Peça de 1973, que reflete sobre os desafios da criação artística em tempos de censura e repressão, tem nova encenação que preserva o caráter crítico e metateatral que marcou a história do teatro brasileiro
Por Ubiratan Brasil
O sucesso do filme Ainda Estou Aqui, de Walter Salles, com Fernanda Torres estrelando a história originalmente criada por Marcelo Rubens Paiva, provocou um bem vindo interesse do público por um período histórico sombrio do Brasil, marcado pela ditadura militar (1964-1985). Os desmandos dos governantes daquele período, que se impunham pela violência e censura, inspiraram, ainda que por caminhos desviados, artistas a criarem obras marcantes. É o caso da peça Um Grito Parado no Ar, de Gianfrancesco Guarnieri (1934-2006), que ganha uma versão atualizada pelo Teatro do Osso e abre a programação teatral de 2025 no Sesc Bom Retiro na sexta-feira, dia 17.

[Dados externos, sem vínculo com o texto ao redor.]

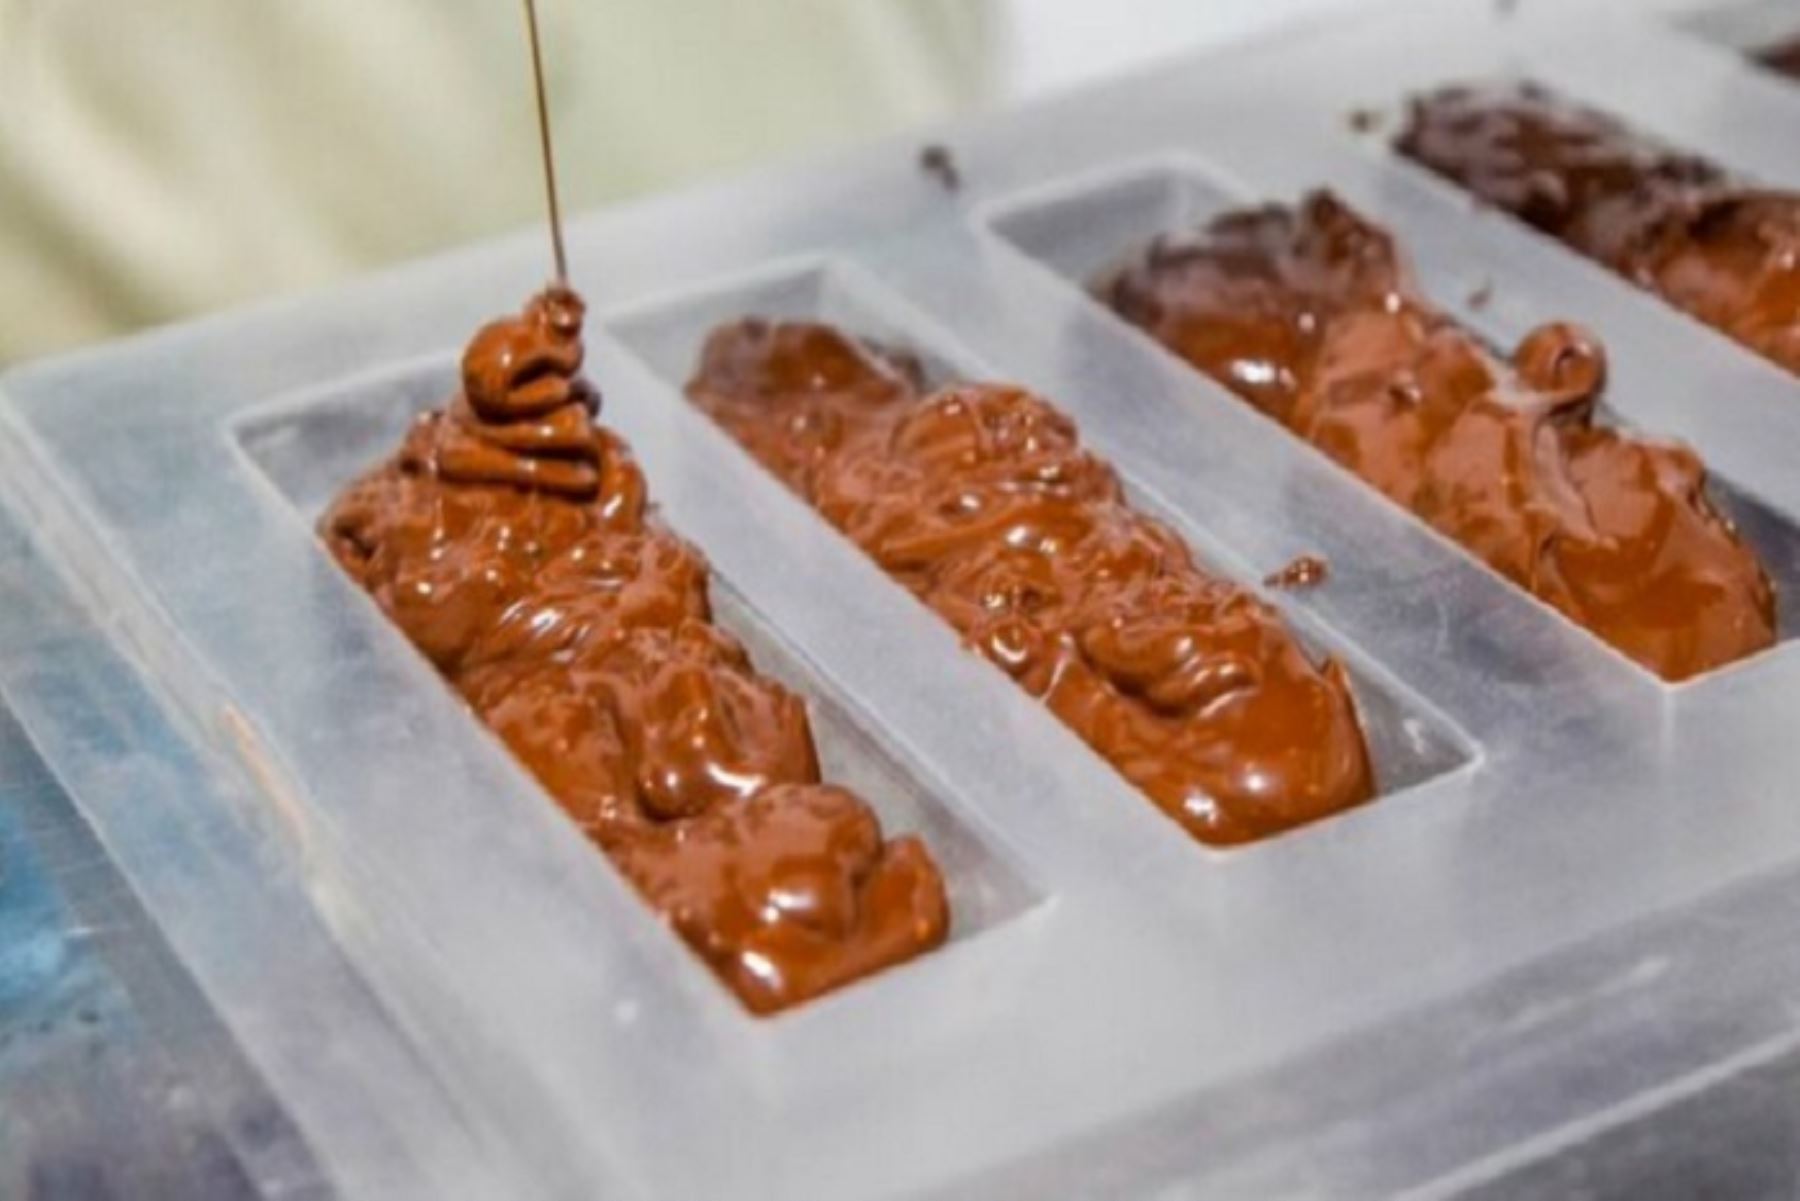 La espirulina, microalga que contiene las vitaminas B1, B2 y B6, es usada en la elaboración de innovadores y deliciosos chocolates. Foto: ANDINA/Difusión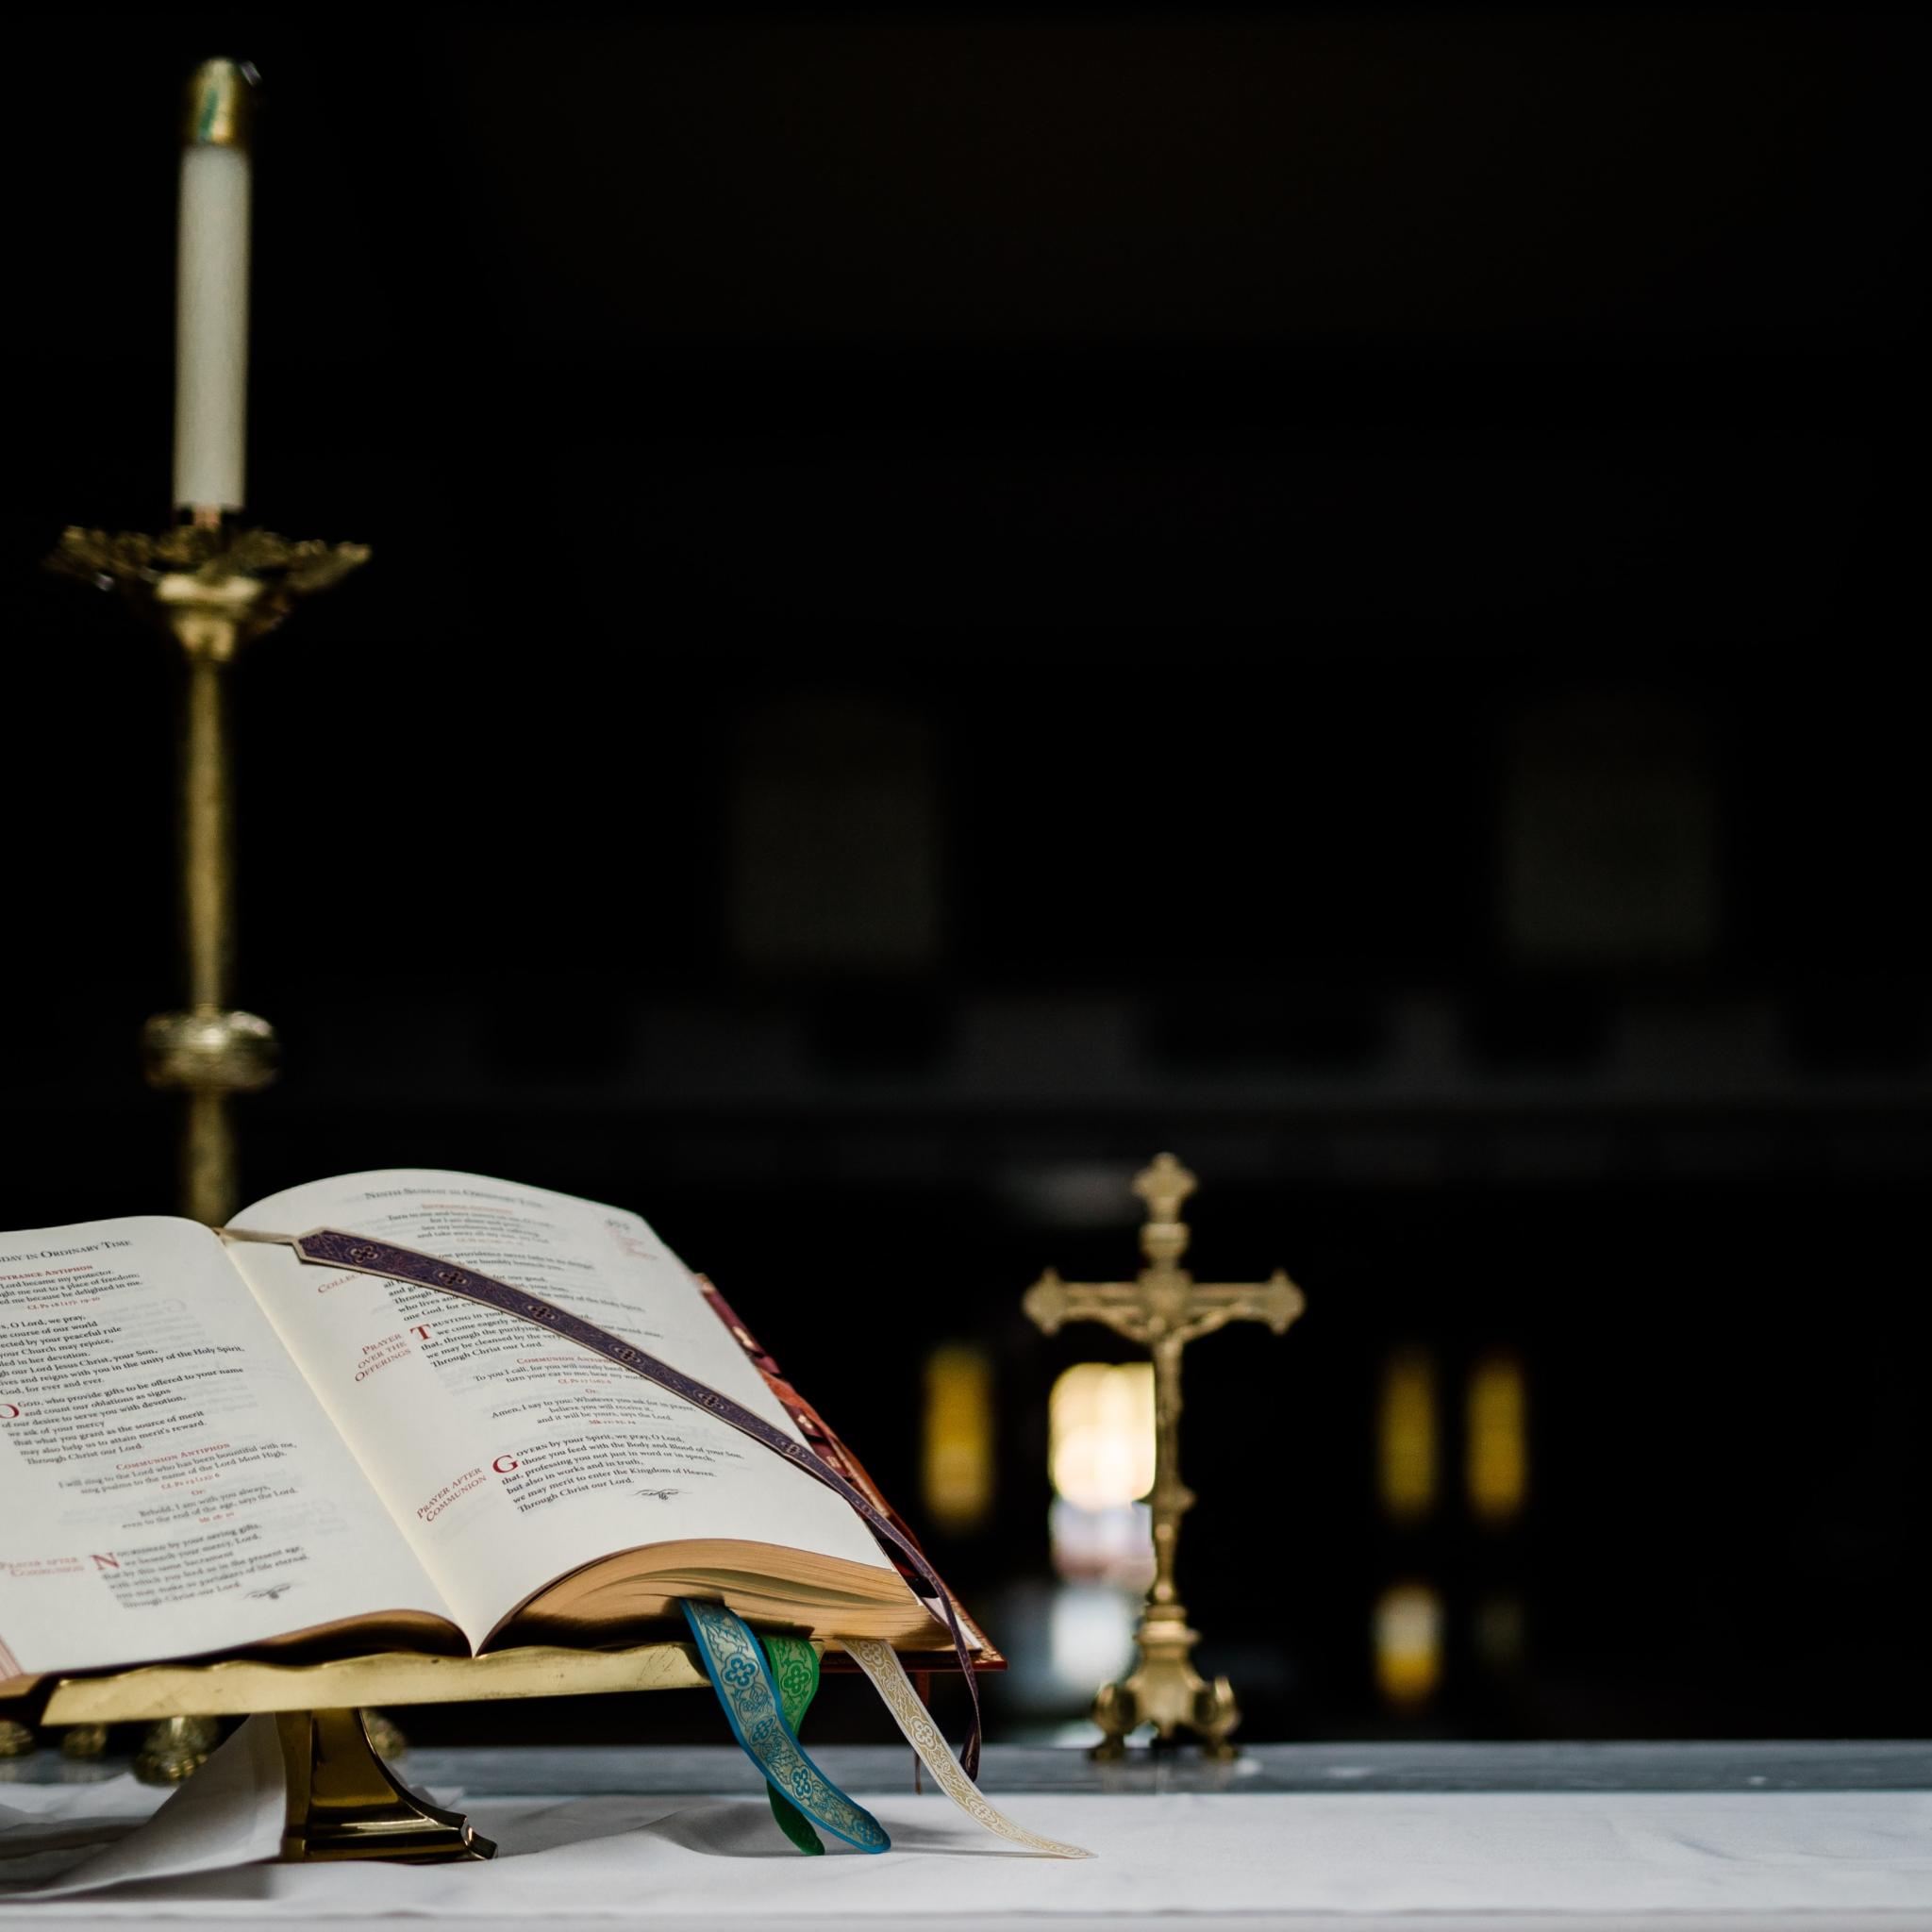 Auf einem Altar steht ein geöffnetes Buch in einem Halter, dahinter ein kleines Kreuz und mehrere große Kerzenständer

Escrita em 1973 pelo ator, diretor, dramaturgo e poeta italiano naturalizado brasileiro, figura central do Teatro de Arena, a peça se destacou por expor os desafios de se fazer arte em um contexto de repressão. O texto de Guarnieri acompanha um grupo de teatro em seu processo de trabalho e ressalta as dificuldades que enfrentam dentro e fora dos palcos a dez dias da estreia. “O grande mérito da peça é permitir uma abertura para os problemas do presente, tornando a montagem ainda mais contemporânea”, comenta o diretor Rogério Tarifa, que cuidou da dramaturgia ao lado de Jonathan Silva e de membros do Teatro do Osso.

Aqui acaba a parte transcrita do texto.